Luftsicherheitsassistent packt aus

Luftsicherheitsassistent Achim Lucchesi kontrollierte zwei Jahre lang die Passagiere am Frankfurter Flughafen. Über seine Erlebnisse hat er ein Buch geschrieben.
Was haben Sie schon im Handgepäck gefunden, was da nicht reingehörte?

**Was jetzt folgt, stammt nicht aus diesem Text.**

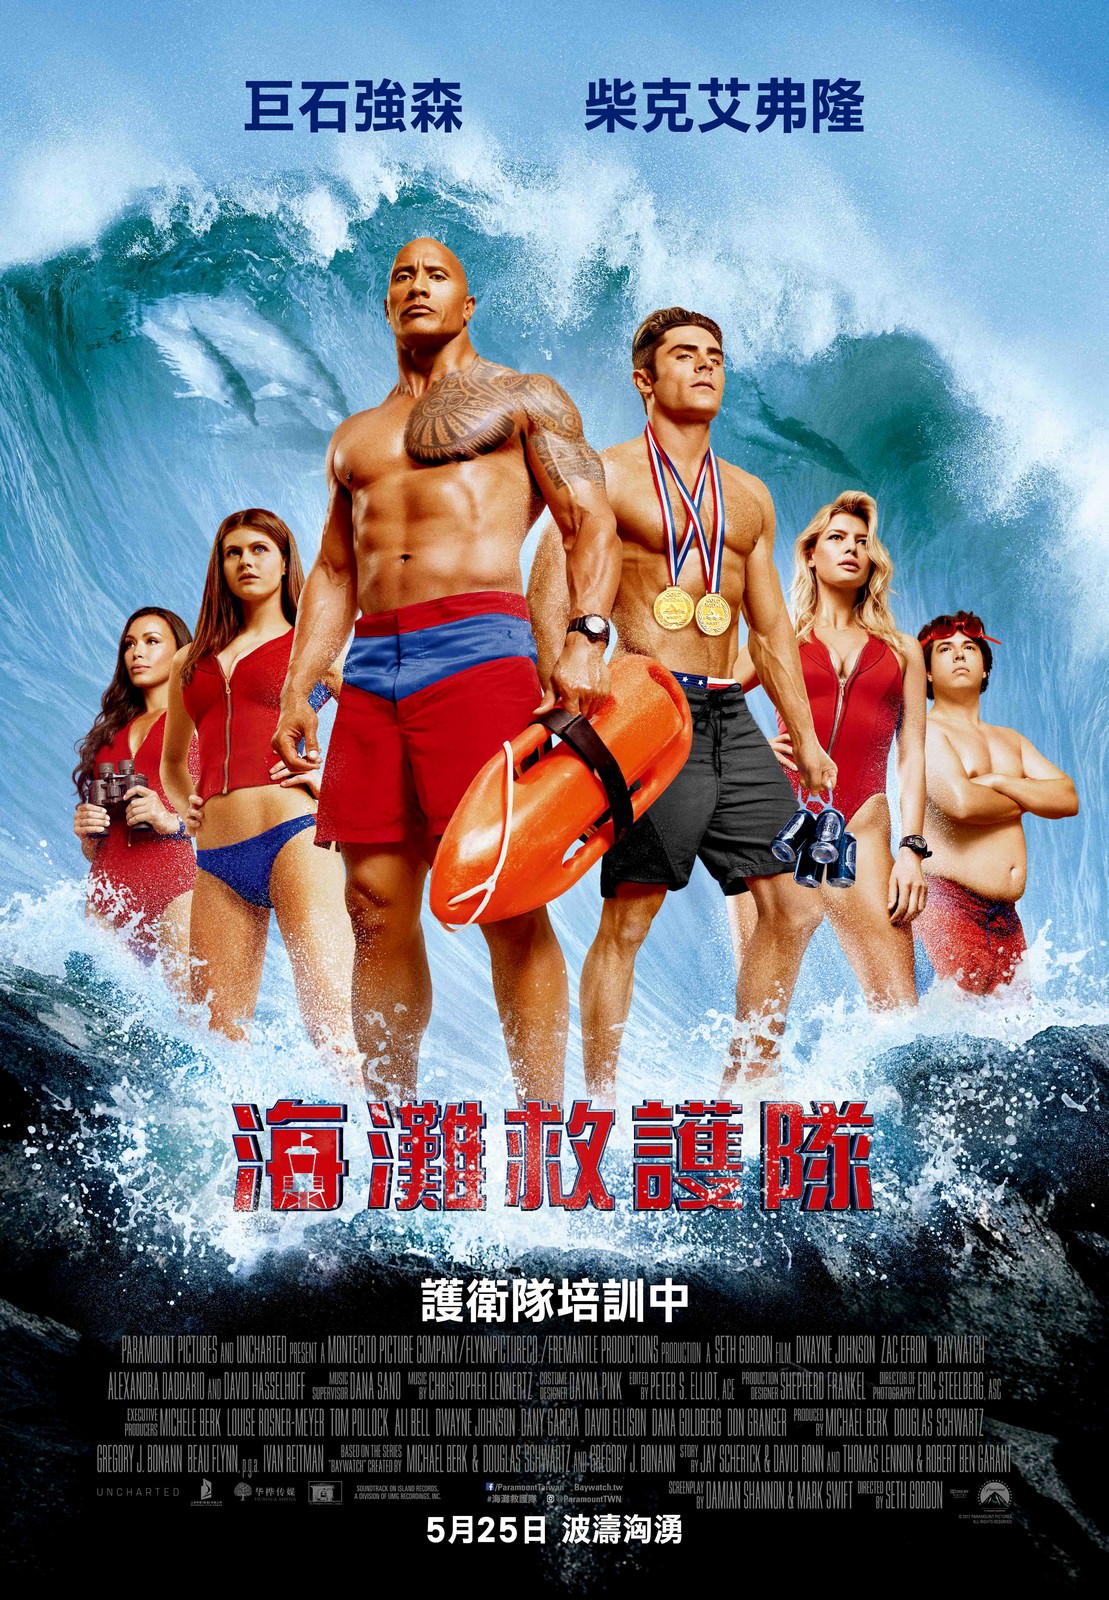 Movie, Baywatch(美國, 2017年) / 海灘救護隊(台灣) / 沙灘拯救隊(香港) / 海滩游侠(網路), 電影海報, 台灣

Da gibt es die verbotenen Gegenstände, die man auch zu Hause nicht besitzen darf: Schlagringe, Butterflymesser, Munition, eine Handgranate, was einen mittelschweren Großalarm ausgelöst hat. Zu den ungefährlichen, gleichwohl aber verbotenen Funden zählen zum Beispiel Nutellagläser. Flugreisende nehmen das gerne mit, weil die Schokocreme anscheinend in Südeuropa anders schmeckt als bei uns. Ich gehe davon aus, dass die Hälfte der Welt-Nutella-Produktion an deutschen Flughäfen abgenommen wird, ungefähr fünf Tonnen im Jahr. Es darf aber nun mal nicht im Handgepäck sein, denn es ist cremig und zählt zu den Flüssigkeiten, die seit November 2006 nur noch in begrenzten Mengen mitgenommen werden dürfen. Ein ganz heißes Thema ist auch Marzipan. Es sieht genauso aus wie der Sprengstoff C4 und riecht auch so. Johann Lafer musste bei uns mal einen Sprengstoffdetektionstest wegen Marzipan machen, das er mit zu einer Kochsendung nehmen wollte. Apropos Kochen: Ganz schlimm sind auch Küchengeräte.
Küchengeräte?
Ja. Viele Reisende haben Haushaltsgeräte im Handgepäck. Staubsauger, Handmixer, Kaffeemaschinen oder Küchenmaschinen. Einmal hatten wir in einer Stunde bei völlig unabhängig voneinander Reisenden zehn von diesen amerikanischen Küchenmaschinen, diesen Kitchen Aids. Da haben wir uns auch gefragt: War irgendwo Werksverkauf? Und wenn man die Leute dann fragt, "Warum nehmen Sie das mit?", kommt immer die Gegenfrage: "Warum denn nicht?" Küchenmaschinen sind nicht verboten, müssen aber den Sprengstoffdetektionstest bestehen. Offensichtlich schalten manche Leute beim Betreten des Flughafens das Gehirn ab. Wahrscheinlich, weil sie schon im Urlaub sind. Sie wollen einfach nur von A nach B.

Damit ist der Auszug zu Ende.